L’humanisme de Heidegger - inexistant sous cette appellation -, c’est cette idée que l’étant de l’homme se distingue radicalement de tout autre étant, puisqu’il est le seul qui, grâce au langage, ait un possible accès à la vérité, c’est-à-dire à l’être. Le reste du vivant comme du non-vivant est aveugle à l’être, ce qui le déclasse irrémédiablement. Et du même coup, cela voue la science à rester confinée dans le calcul et l’expectative et à ne pas penser. Il est difficile d’imaginer une conception de l’homme davantage dictée par l’amour-propre.

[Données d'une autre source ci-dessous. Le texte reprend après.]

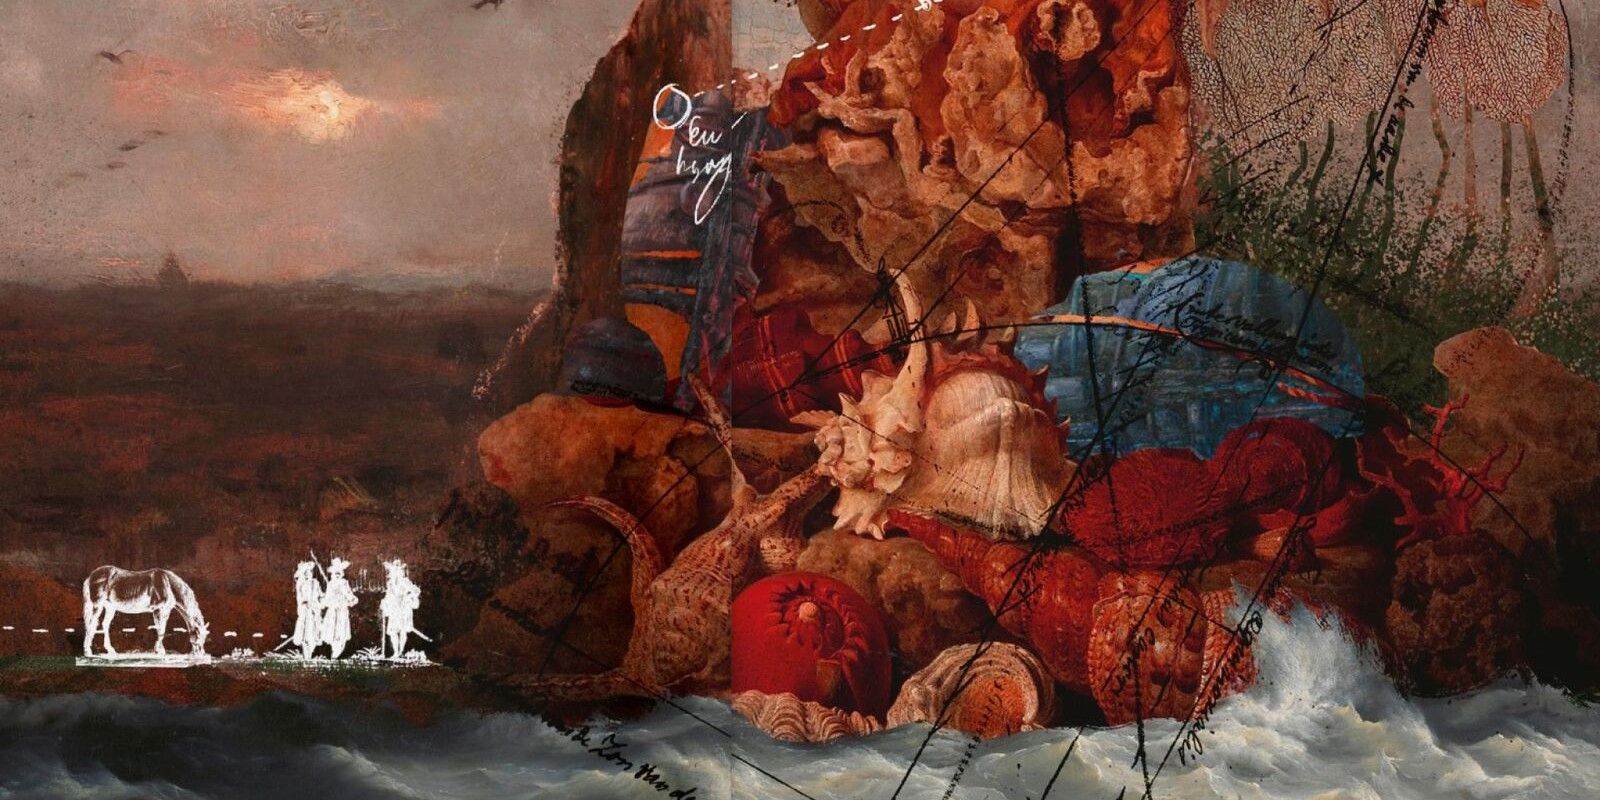 Arte para um jogo de mesa chamado Into the Odd, mostrando uma ilha que parece ser feita de fungos gigantes brotando das ondas do oceano, sobreposta com anotações que podem ser vistas em um mapa onde um curso foi traçado.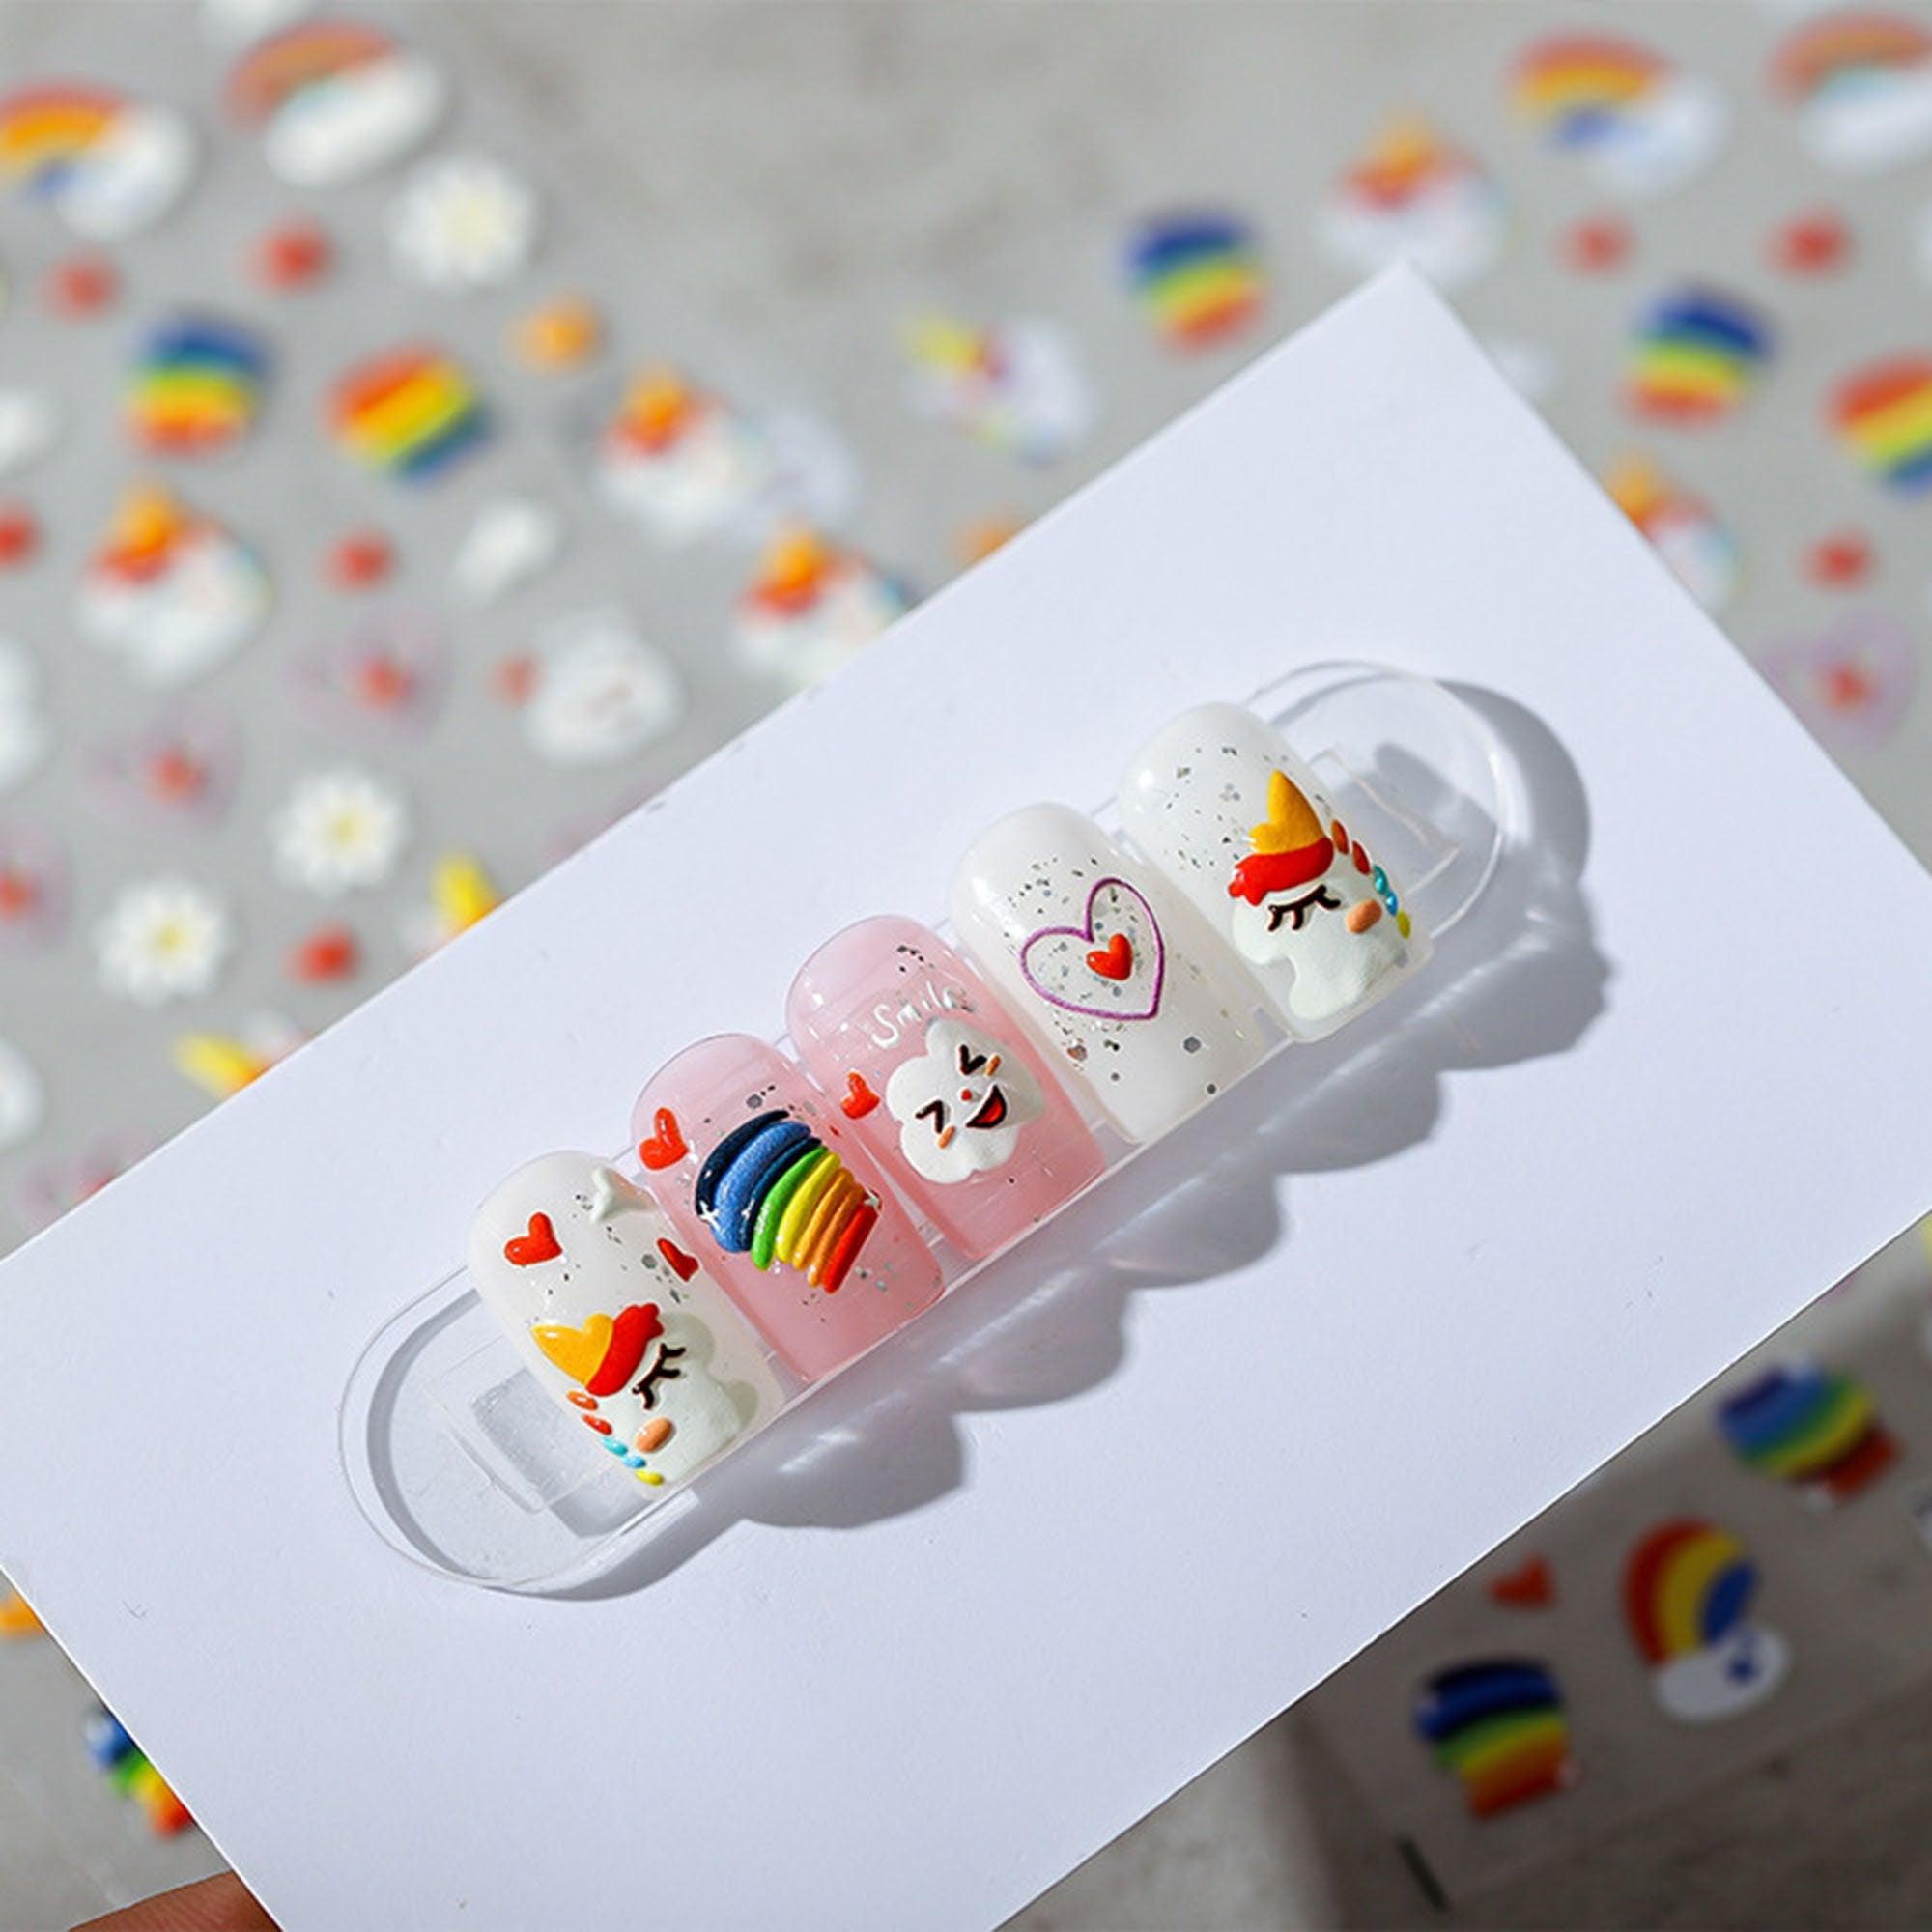 Rainbow And Unicorn Nail Stickers, Rainbow Nail Decals, Nail Decal Art, 3D Nails, 5D Nails, DIY Nails - Miss Fairy Nails

L’humanisme de Lévi-Strauss - qu’on a quelquefois qualifié d’anti-humanisme, parce qu’il incluait bien davantage que les humains - a précisément réagi contre ce que le mot impliquait d’amour-propre. Je ne résiste pas à l’envie de lui laisser préciser sa pensée :
« En ce siècle où l’homme s’acharne à détruire d’innombrables formes vivantes, après tant de sociétés dont la richesse et la diversité constituaient de temps immémorial le plus clair de son patrimoine, jamais, sans doute, il n’a été plus nécessaire de dire, comme font les mythes, qu’un humanisme bien ordonné ne commence pas par soi-même, mais place le monde avant la vie, la vie avant l’homme, le respect des autres êtres avant l’amour-propre ; et que même un séjour d’un ou deux millions d’années sur cette terre, puisque de toute façon il connaîtra un terme, ne saurait servir d’excuse à une espèce quelconque, fût-ce la nôtre, pour se l’approprier comme une chose et s’y conduire sans pudeur ni discrétion. » (2)
De la même manière, je me plais également à opposer l’exploration du langage à laquelle se livre Heidegger à celle que nous devons à Ludwig Wittgenstein. Le premier rapporte les mots allemands et grecs à leur étymologie, jusqu’à prétendre y découvrir la vérité du sens, comme si les mots, dévoyés par l’usage, recelaient l’authentique vérité de l’être, allant ainsi du plus “clair” au plus “obscur”. Le second, conscient des pièges que les mots contiennent dès lors qu’ils sont utilisés dans des jeux de langage qui en infléchissent le sens, décrit un espace des formes logiques qui tente d’aller du plus obscur au plus clair. Pour le dire très abruptement, le premier subordonne la raison à sa propre compréhension des choses, là où le second soumet autant que possible sa compréhension des choses à la raison.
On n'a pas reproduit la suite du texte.